__Problem__.
Please output the lines from the one with "Adorn your casual" through the end of the data exactly as written, omitting all pictures.

__Recorded data__.
▶

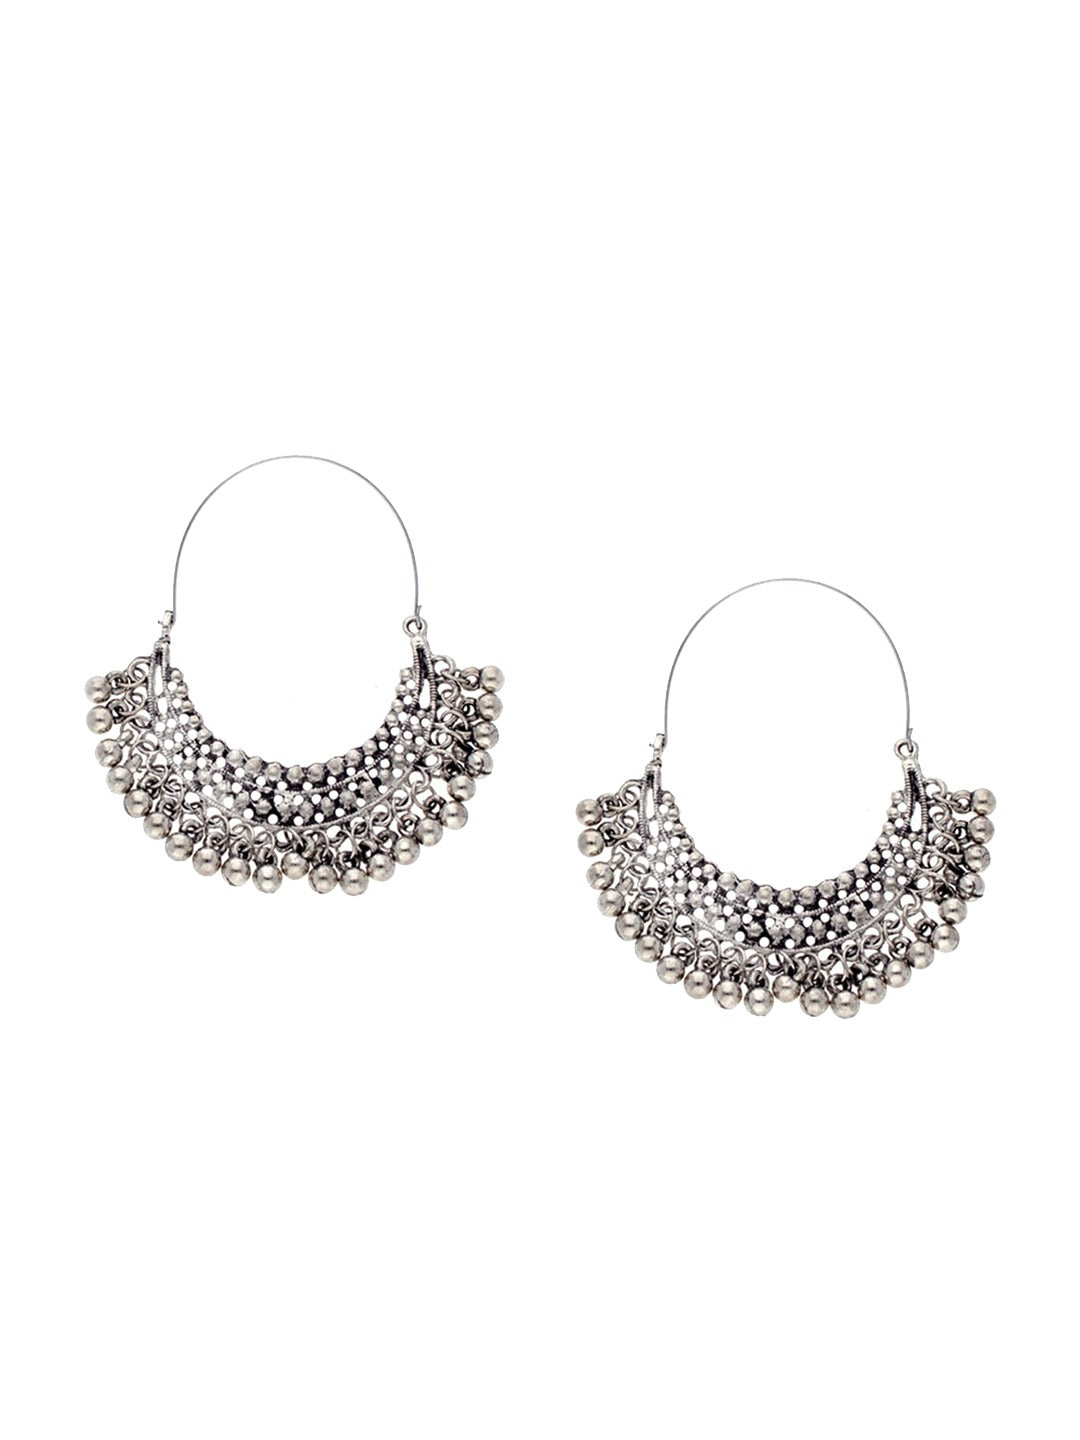 Women's Silver-Plated Oxidised Contemporary Hoop Earrings - Morkanth
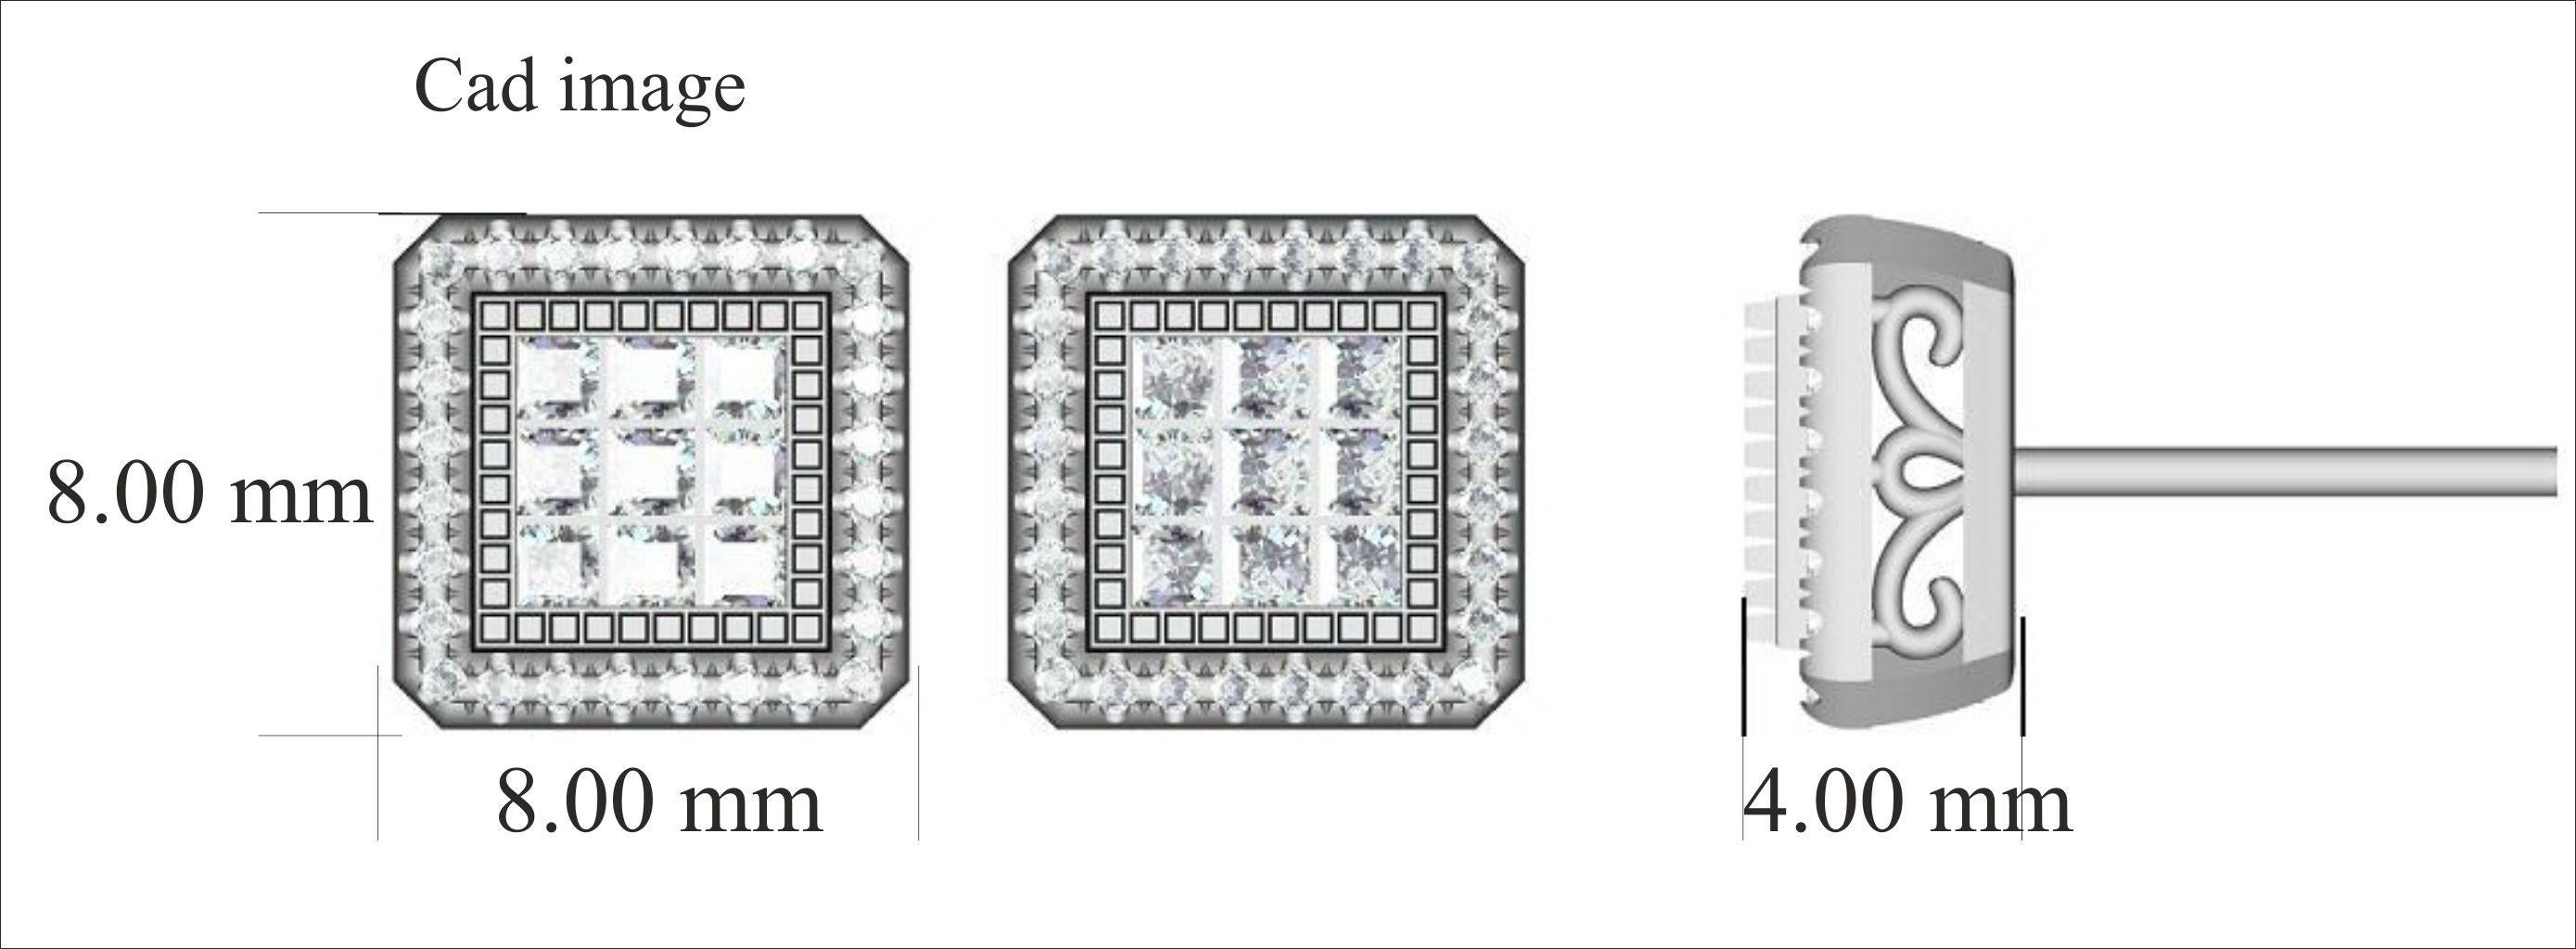 Adorn your casual wear with extra glitz when you put on these square frame stud earrings. Expertly crafted in 14K White Gold, earring is cleverly filled with 56 round and 18 princess cut diamond set in pave and invisible setting and shimmers in H-I
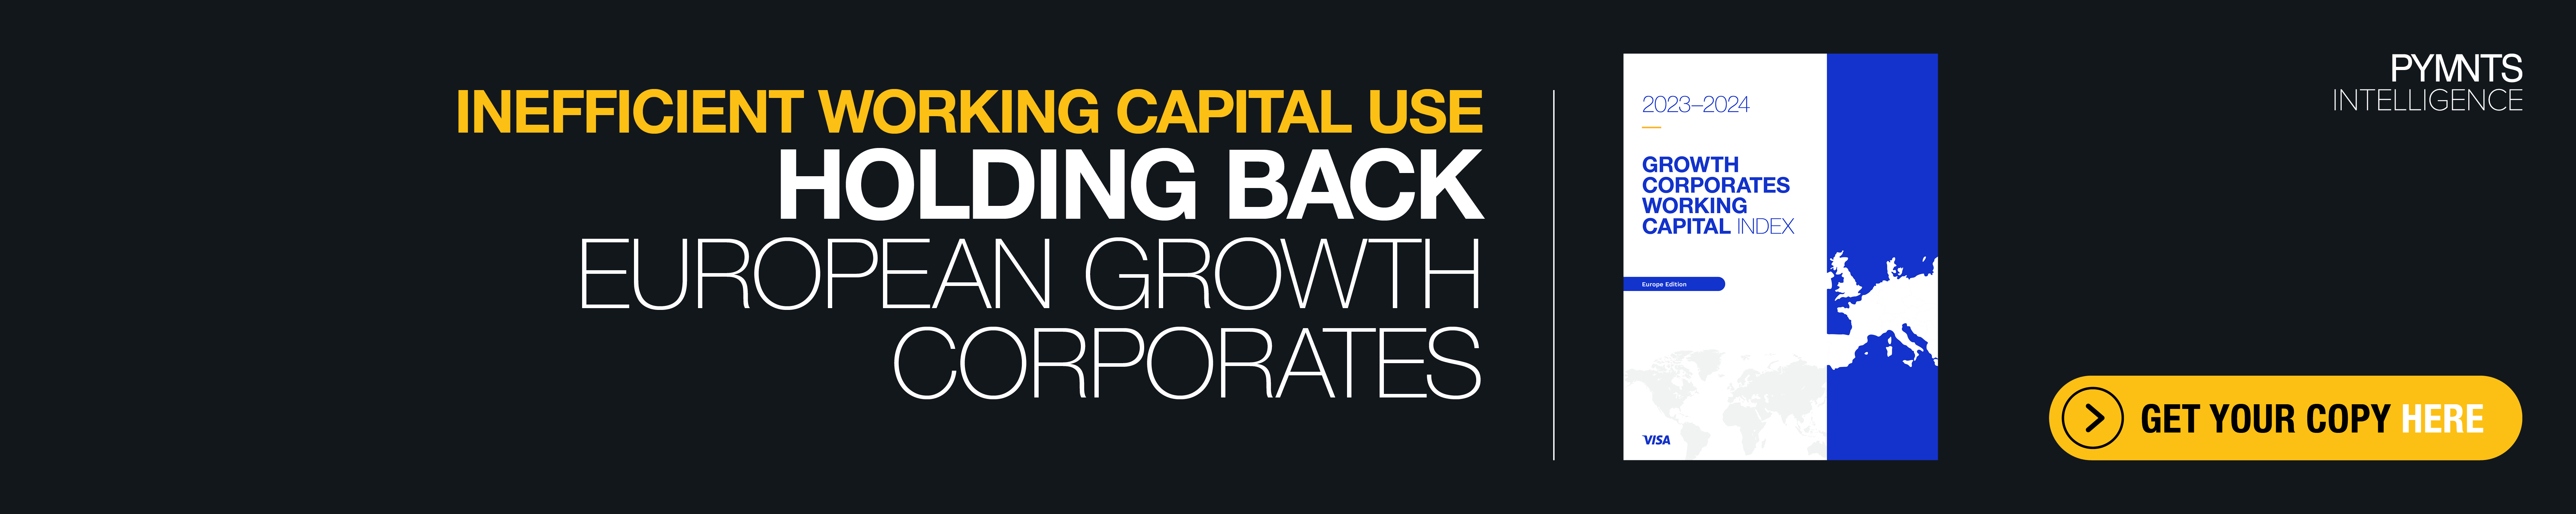 Visa Growth Corporates Working Capital Index Europe Edition February 2024 Banner

◀

__Solution__.
 Adorn your casual wear with extra glitz when you put on these square frame stud earrings. Expertly crafted in 14K White Gold, earring is cleverly filled with 56 round and 18 princess cut diamond set in pave and invisible setting and shimmers in H-I
 Visa Growth Corporates Working Capital Index Europe Edition February 2024 Banner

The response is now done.